A significant problem that exists in the tape heads following the head lapping process is that the directional nature of the lapping process can cause surface portions of the metal magnetic shield layers 40 and 56 to smear across the insulation layers 44 and/or 52 to create an electrical short between the magnetic shields 40 and/or 56 and the sensor element 48. Particularly, as is seen in FIG. 3, metalization smears 70 from the S1 shield 40 towards the sensor element 48 may be created where the relative motion of the head 10 to the lapping surface (not shown) is to the left (arrow 74), and metalization smears 76 may be created from the S2 shield 56 towards the read element 48 where the relative motion of the head 10 to the lapping surface (not shown) is to the right (arrow 78). The existence of the smears 70 and 76 created during the head lapping process is well known to those skilled in the art, and a polishing process using a polishing medium such as diamond tape is typically next undertaken following the lapping process to attempt to remove the smears, as well as to provide a final finished surface to the tape head. FIGS. 4 and 5 depict prior art tape lapping process steps, and FIGS. 6–9 depict the improved tape polishing method of the present invention, as are all next described.

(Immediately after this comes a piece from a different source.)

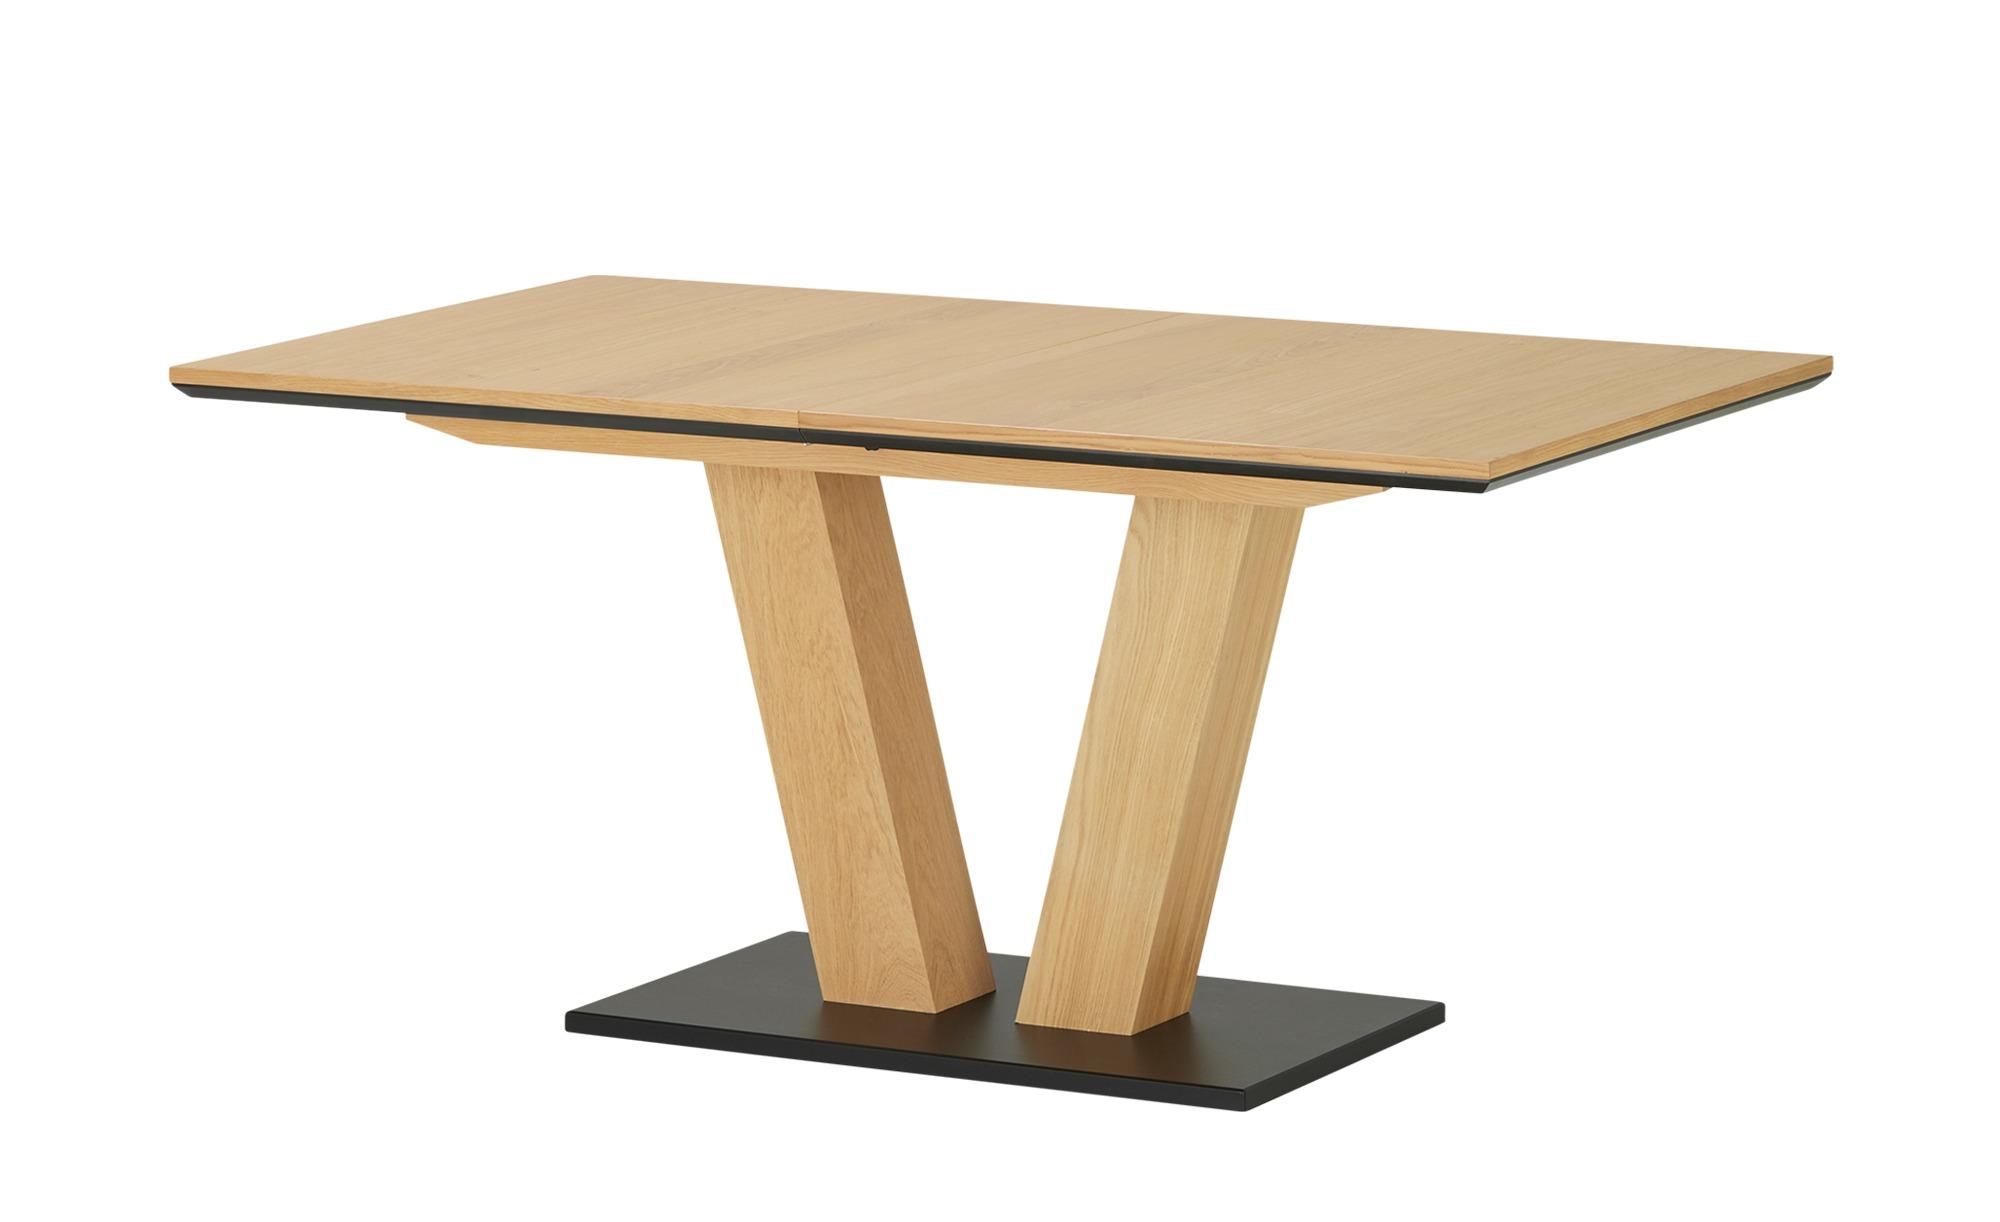 Esstisch ausziehbar  1593 ¦ holzfarben ¦ Maße (cm): B: 90 H: 76 Tische > Esstische > Esstische ausziehbar - Höffner

FIG. 4 is a top plan view depicting a first prior art tape polishing step for the tape head 10 depicted in FIGS. 1–3. As depicted in FIG. 4, a portion of a diamond polishing tape 80 is disposed above the lapped head 10, such that the diamond polishing surface of the tape 80 makes contact with the surface of the head 10. In the prior art polishing method depicted in FIG. 4, the polishing tape 80 is moved laterally relative to the head 10; that is, the head is held stationary while the tape is moved laterally (arrow 84). While the prior art polishing method depicted in FIG. 4 is generally effective in polishing the surface of the head 10, the metal smears from the shields are not always effectively removed, and electrical shorts often still occur, such that a significant number of heads with electrical shorting problems exist. Furthermore, it is believed that smears may even be created or exacerbated in the FIG. 4 polishing method, as the polishing tape may cause further lateral movement of metal smear material.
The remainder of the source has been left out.